Everyone’s bottom in addiction is different. When I was using I certainly felt invincible. Or maybe it’s because I felt like I didn’t have anything left to lose. I had given up, the high was the only thing left that I was seeking. I had no idea the dangers of what I was doing. I had no idea how close to death I had probably become. Strangely, revolving my day around getting inhalants, sacrificing jobs, relationships, my ethics, being in car accident after car accident, and ending up on a television show focused on my addiction still did not convince me I was at my bottom. I still had more fight and I’m sure had I not surrendered, that fight would have led me towards and into death.
I work in the field of addiction now and I hear every one of my clients’ stories. The extremes are different. Some people end up in treatment because their family demanded it and the client feels they haven’t bottomed out yet, that they have it under control. Some have nowhere else to go, they’re living on the street and selling themselves and stealing to maintain their habit. And some are petrified of their addiction, they’ve died before, or have mental impairments from seizures from their use. I hear a lot: “My life isn’t that bad, I haven’t lost all my money, I’m not homeless, I still have a job, there’s no way I’ve bottomed out.”
Here is where I feel the term “bottomed out” can get misconstrued in our heads. We want to believe that we’re ok, that we couldn’t possibly be going through this, that we couldn’t be an addict or an alcoholic. But that’s where I think we are wrong. Although I still had a beautiful apartment, a family that loved me, and someone paying my bills, I was morally and spiritually bankrupt.

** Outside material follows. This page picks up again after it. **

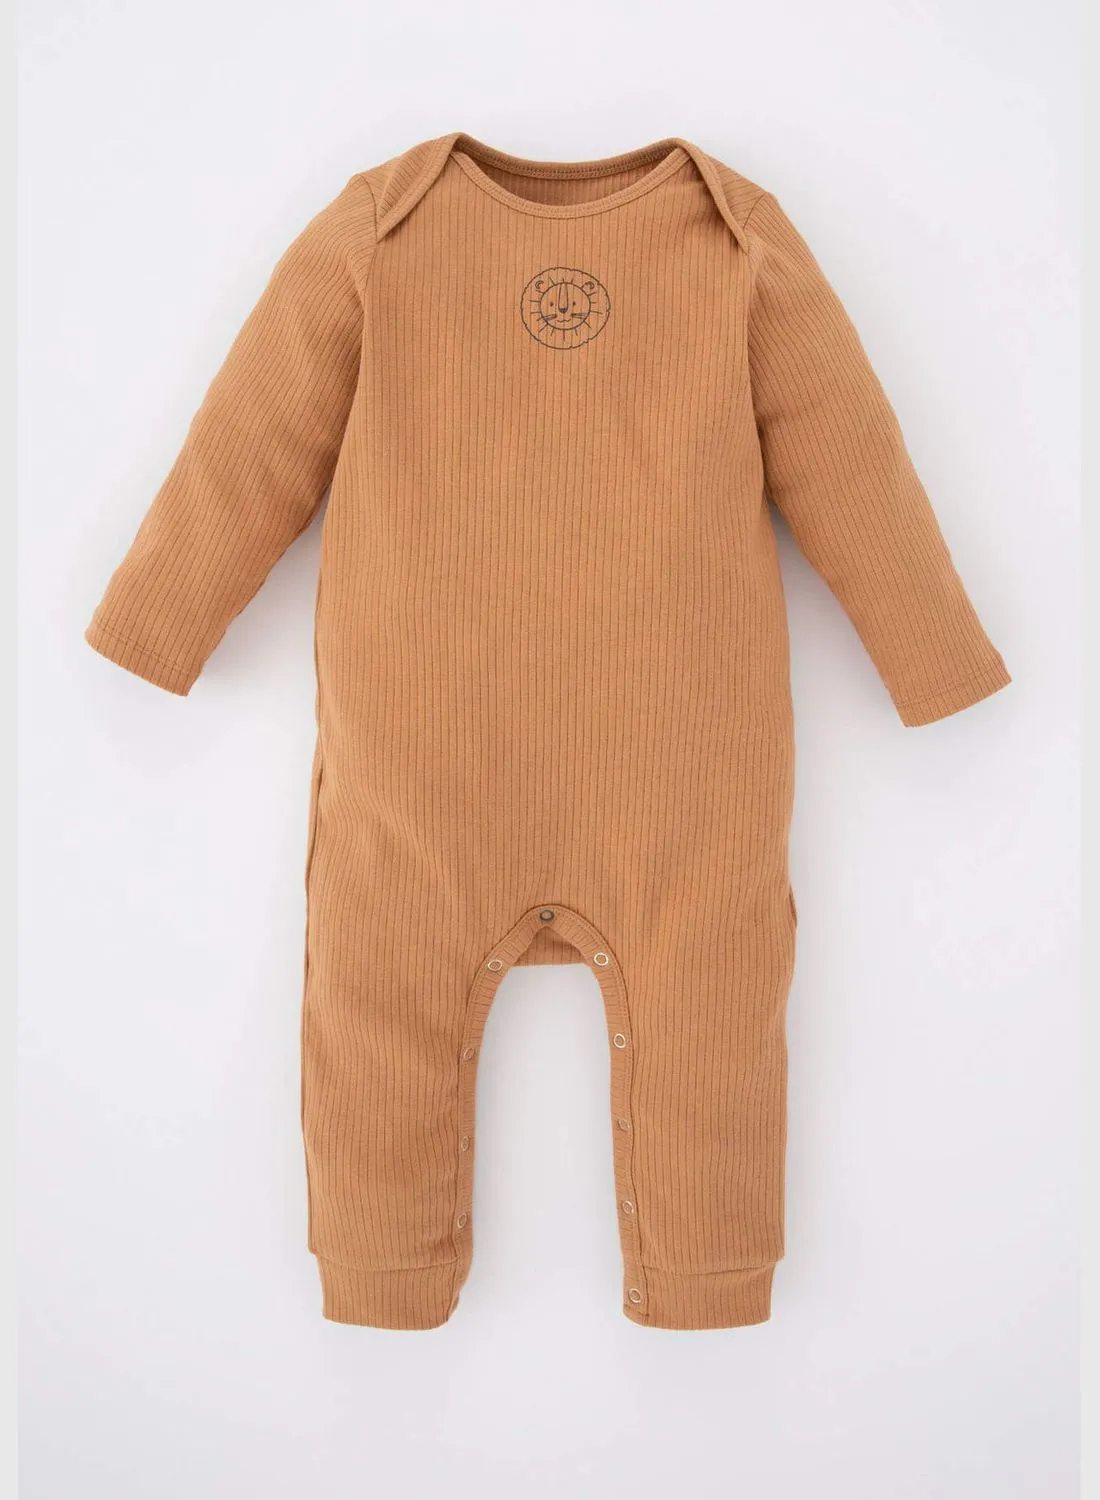 DeFacto BabyBoy Bike Neck Long Sleeve Knitted Overalls
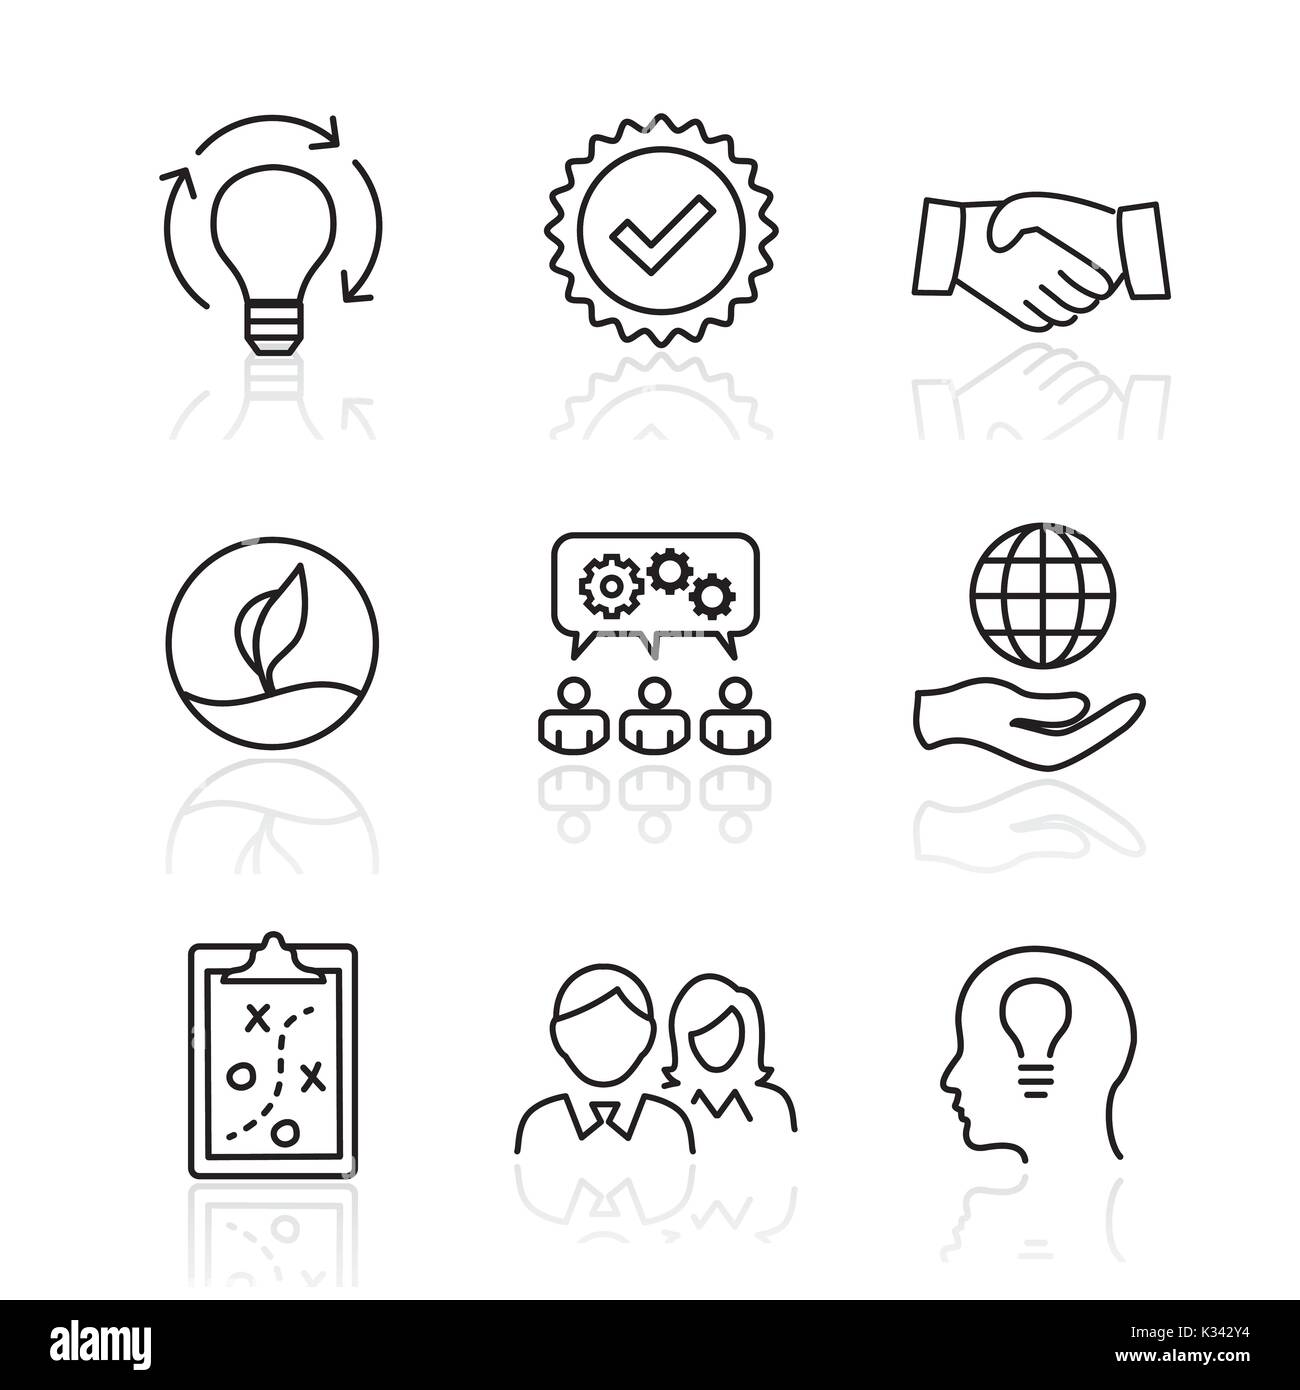 Core Values - Mission, integrity value icon set with vision, honesty, passion, and collaboration as the goal / focus Stock Vector

I couldn’t see it, but I was no longer the Allison to be proud of, I no longer followed the path I believed in. I look at the person I am today and I realize that I did bottom out. I let myself down. Those physical items, those jobs, that apartment near the beach, the money, none of that compares to the person I’ve become without being active in my addiction, compared to that empty shell of a person I was, the pain I felt, the phone calls of tears, and the wishing for death that I was in the midst of my addiction. I no longer cause the people in my life pain, I maintain a job of integrity, but most importantly, I respect myself and I can look in the mirror and not see self-loathing, disappointment, and regret. I abused inhalants for a total of 18 months of my life, but it grabbed on to the pain I was feeling and attempted to fill a void, which took me on a fast track to bottoming out. And I am so grateful that I was fortunate enough to wake up and surrender, and finally realize that enough is enough. Everyone’s level of bottoming out is different. But the results in recovery are all the same. We become a greater version of the selves we all remember loving before addiction took hold of us. And it is absolutely worth it.